I have an idea about the Accuracy VS Combo weightage adjustment!! How about we have some formular that goes similarly to:
(Percentage Accuracy)^20 x Map Score x SS Bonus (1.06 times score multiplier) = Final Score
E.g. Team A = Players 1 to 4 Team B = Players 5 to 8
Player 1:
Map Score: 10,000,000 (no miss + a few 100s)
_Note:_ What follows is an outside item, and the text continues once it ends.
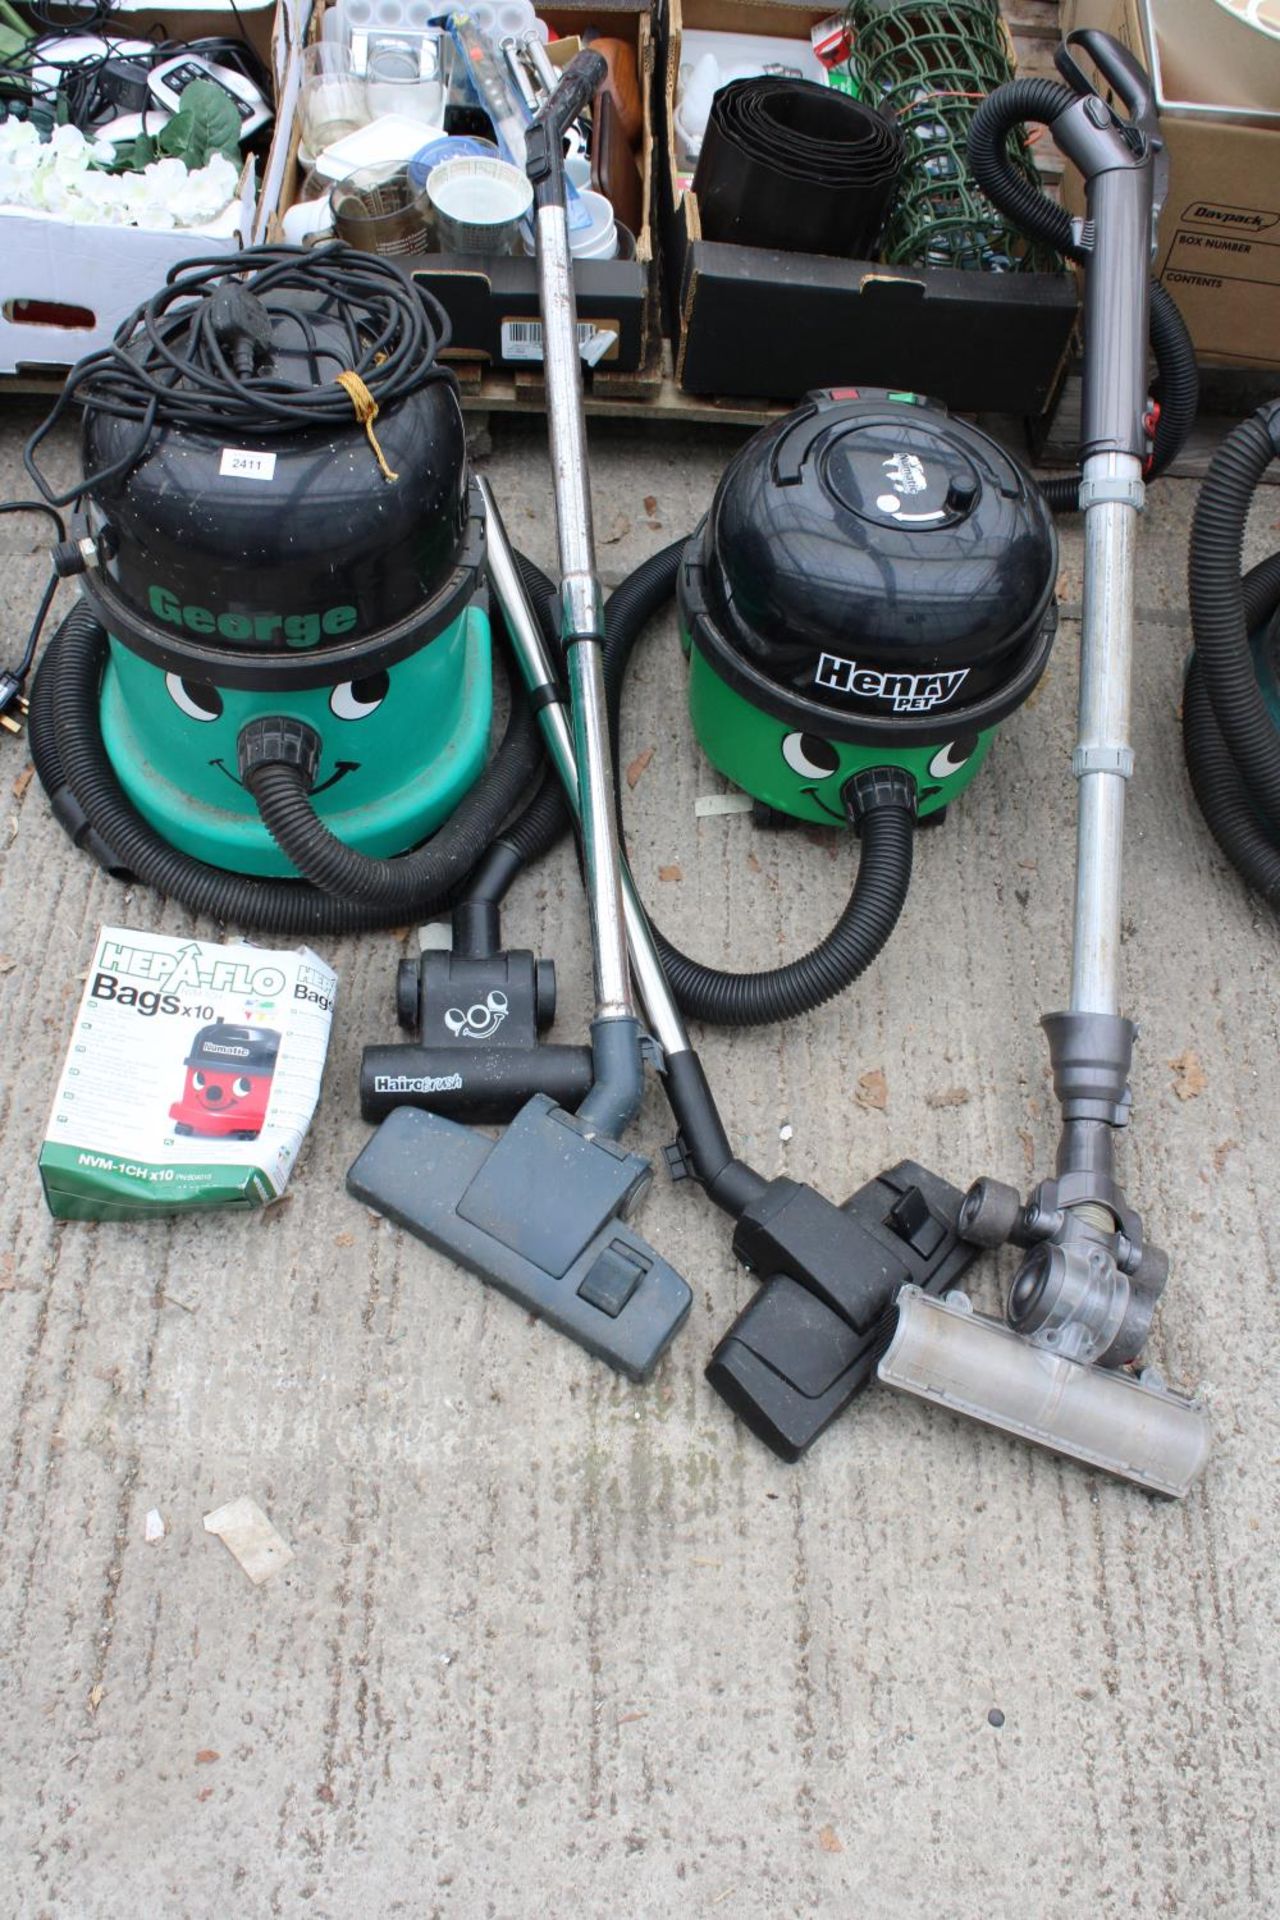 A HENRY PET VACUUM AND A FURTHER GEORGE VACUUM CLEANER

Accuracy: 98.32% (98.32%^20 = 0.71258618367)
Final Score: 7,125,862
Player 2:
Map Score: 10,170,871 (SS)
Accuracy: 100.00% (x1.06)
Final Score: 10,781,123
Player 3:
Map Score: 9,758,951 (no miss + full of 100s & 50s B rank)
Accuracy: 95.95% (95.95%^20 = 0.43742095198)
Final Score: 4,268,770
Player 4: (Disconnected)
Map Score: 0
Accuracy: 0.00%
Final Score: 0
Team A Total Score: 22,176,755
Player 5:
Map Score: 10,156,632 (no miss + 1 less 100 than Player 1)
Accuracy: 98.55% (98.55%^20 = 0.74667665341)
Final Score: 7,583,720
Player 6:
Map Score: 7,900,000 (1x miss + all 300s)
Accuracy: 99.86% (99.86%^20 = 0.97236929036)
Final Score: 7,681,717
Player 7:
Map Score: 7,900,000 (1x miss + all 300s)
Accuracy: 99.86% (99.86%^20 = 0.97236929036)
Final Score: 7,681,717
Player 8: (Failed)
Map Score: 0
Accuracy: 0.00%
Final Score: 0
Team B Total Score: 22,947,154
Team B wins the map by 770,399 points \o/ (3.47% more score than Team A)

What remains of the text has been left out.